[Data extract]

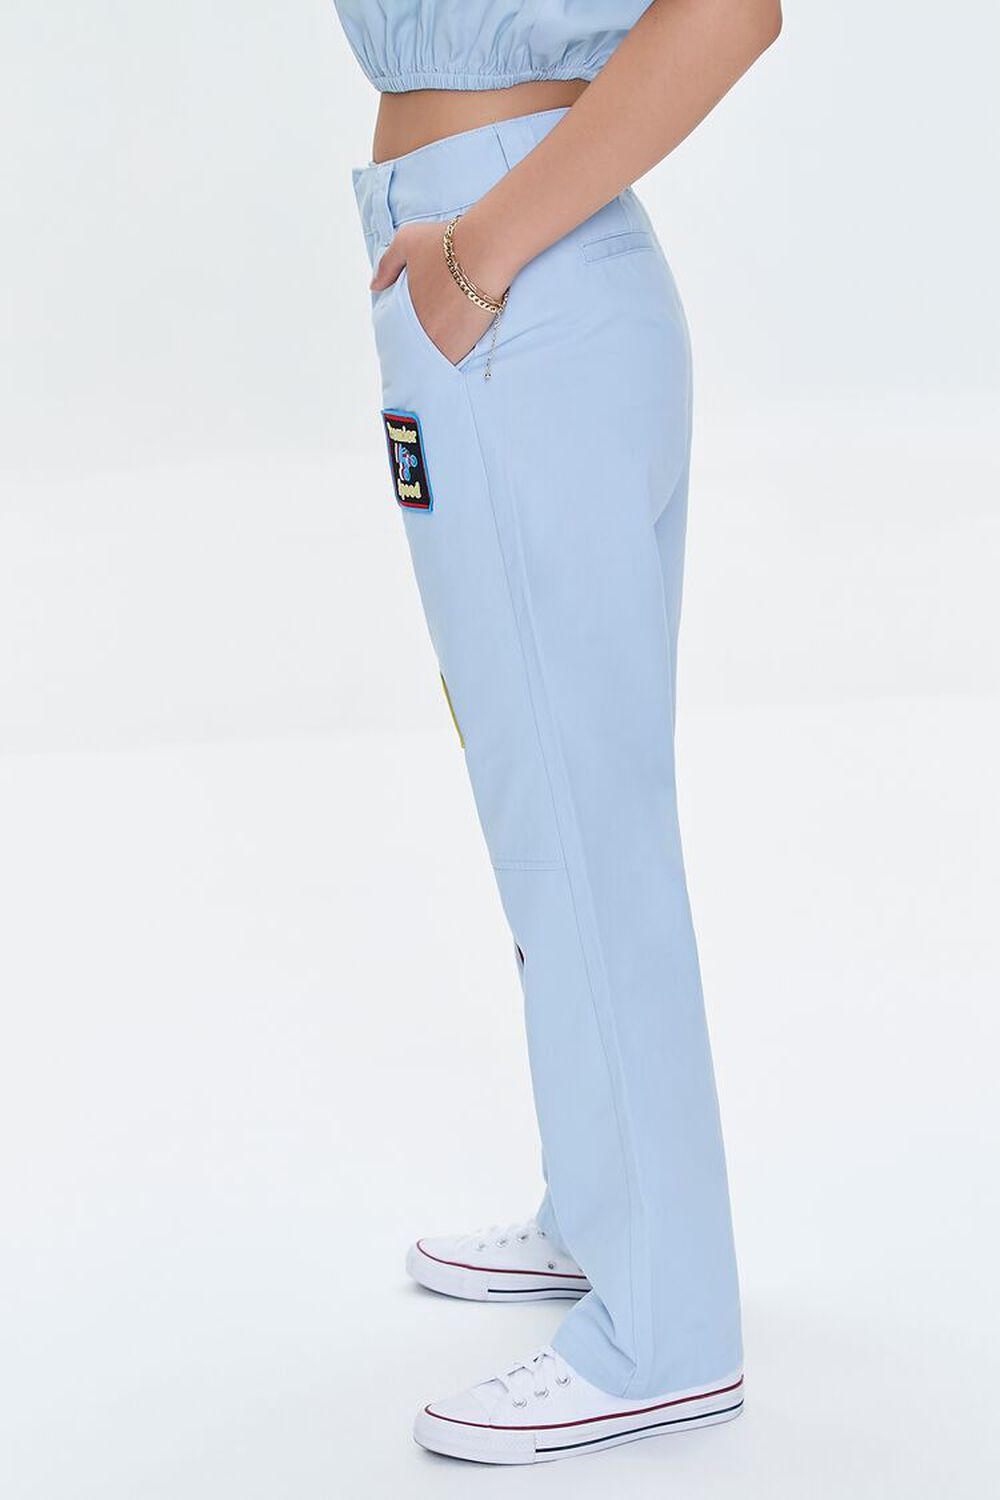 SKY BLUE 900 Series Club Patch Graphic Pants, image 3
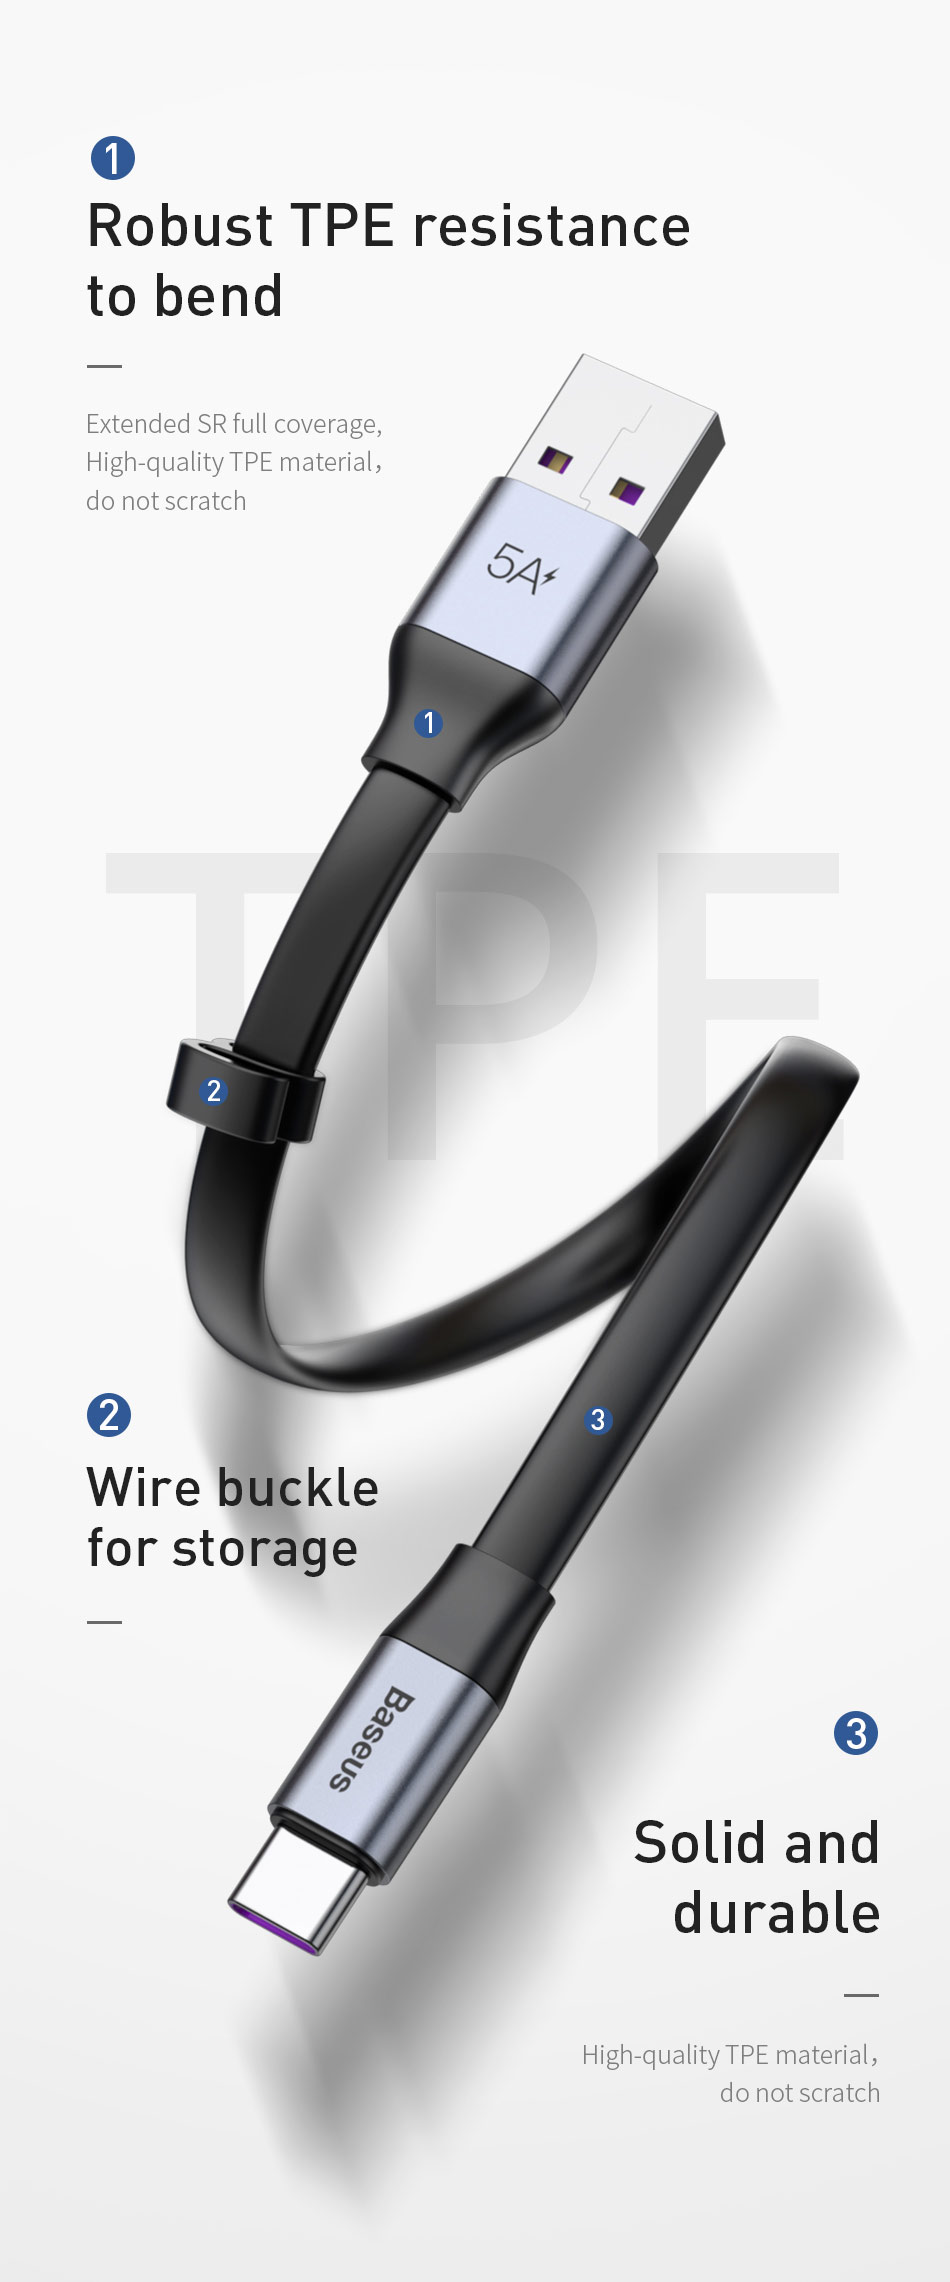 Baseus-40W-5A-23cm-Super-Charge-USB-Type-C-Data-Cable-for-Samsung-S10-8-9-Huawei-P30-Pro-Mate-20-1481258
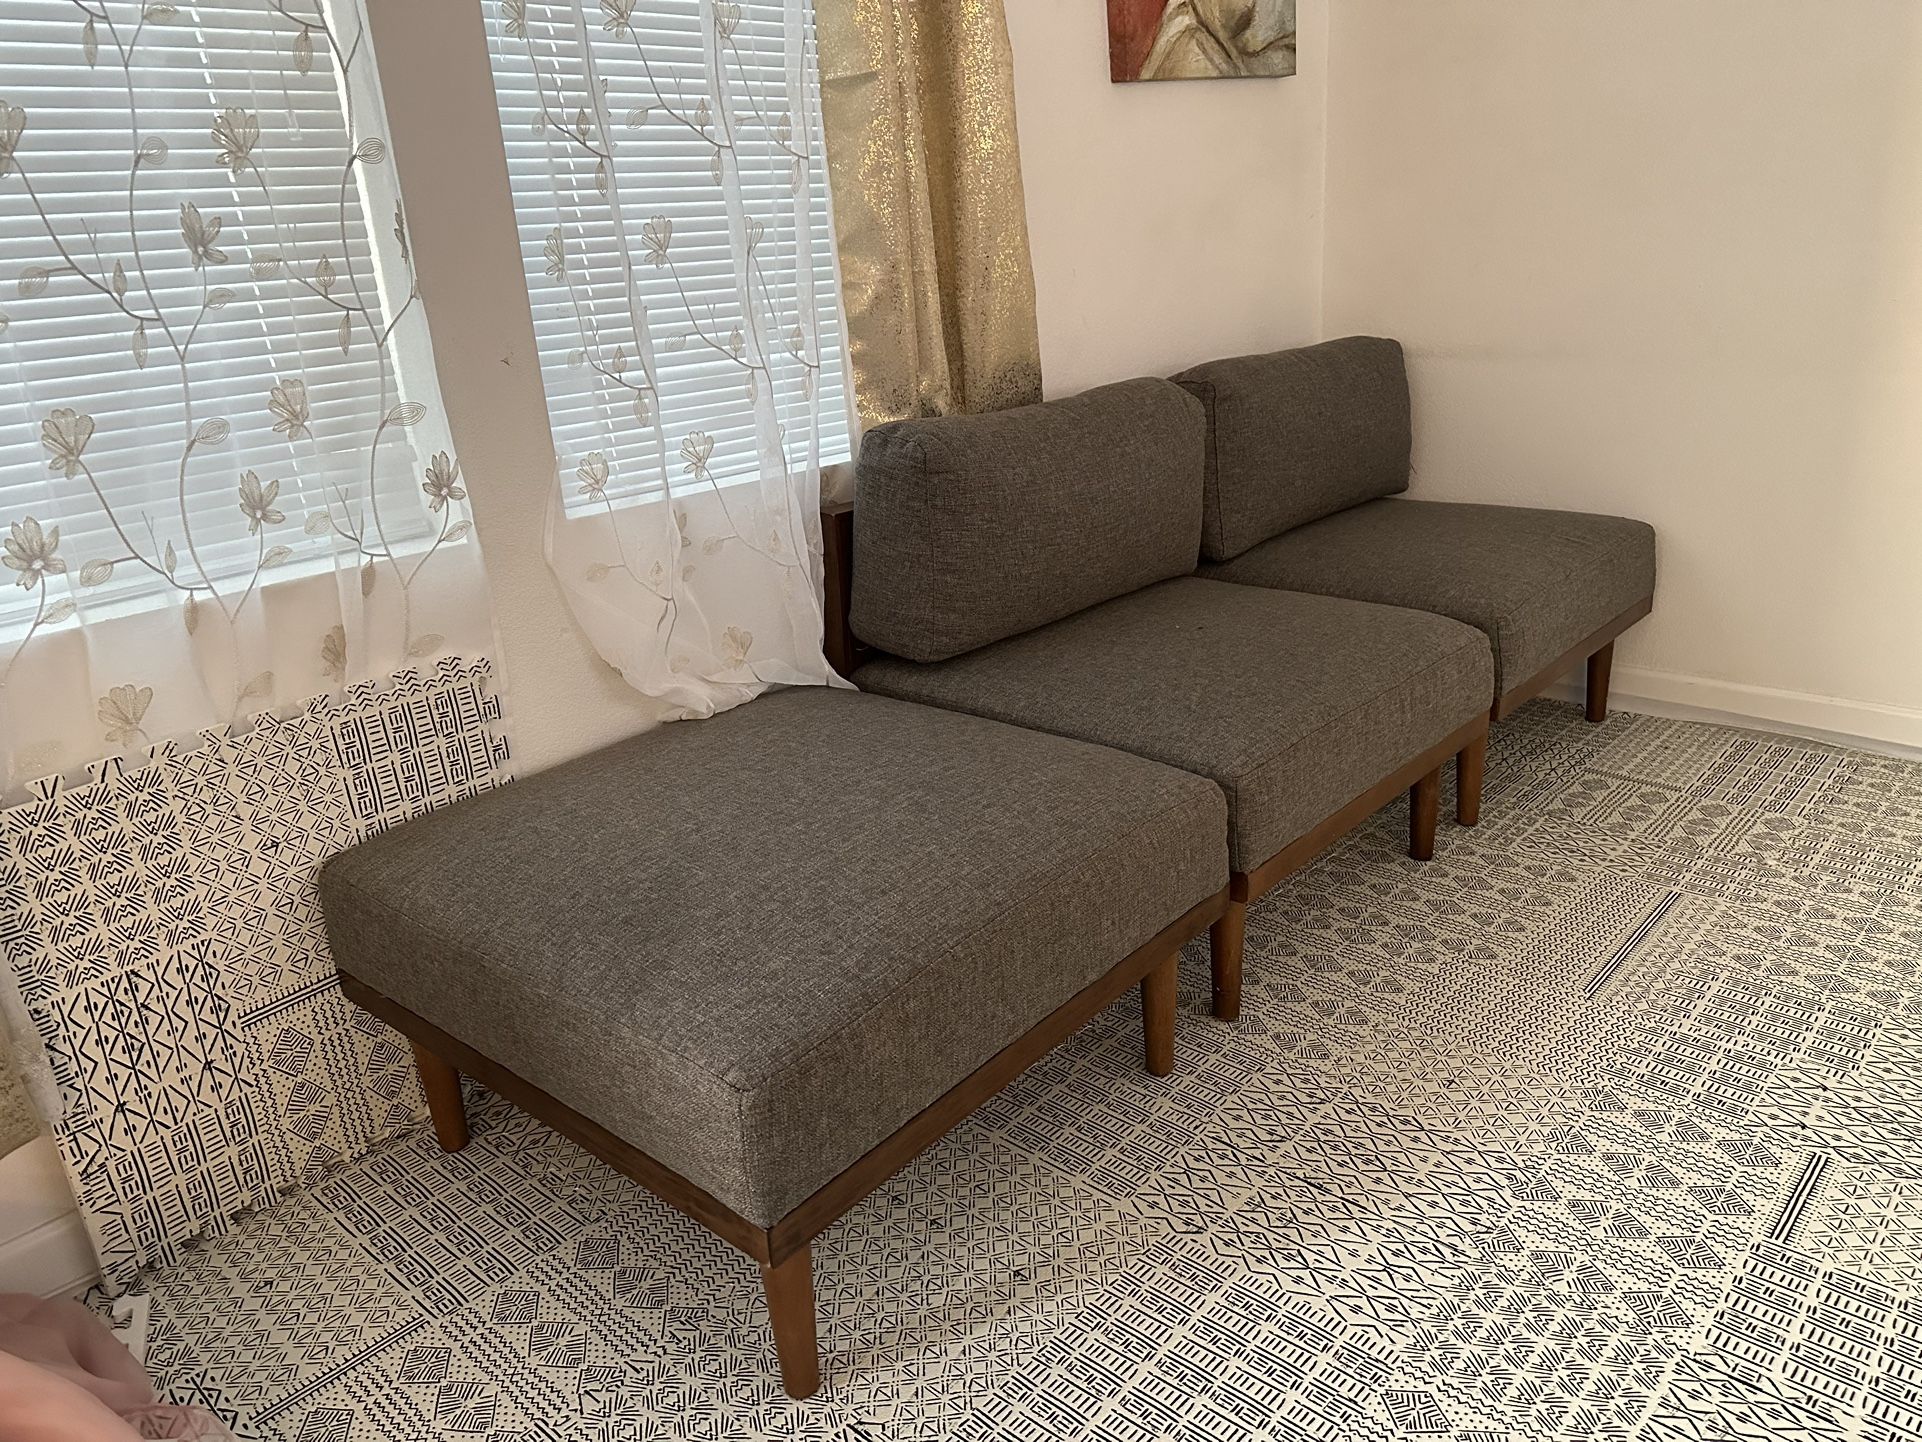 Grey Couch Set

[/Data extract]

### What you need to do
Retype all the data exactly. Omit pictures.

### Task answer
 SKY BLUE 900 Series Club Patch Graphic Pants, image 3
 Baseus-40W-5A-23cm-Super-Charge-USB-Type-C-Data-Cable-for-Samsung-S10-8-9-Huawei-P30-Pro-Mate-20-1481258
 Grey Couch Set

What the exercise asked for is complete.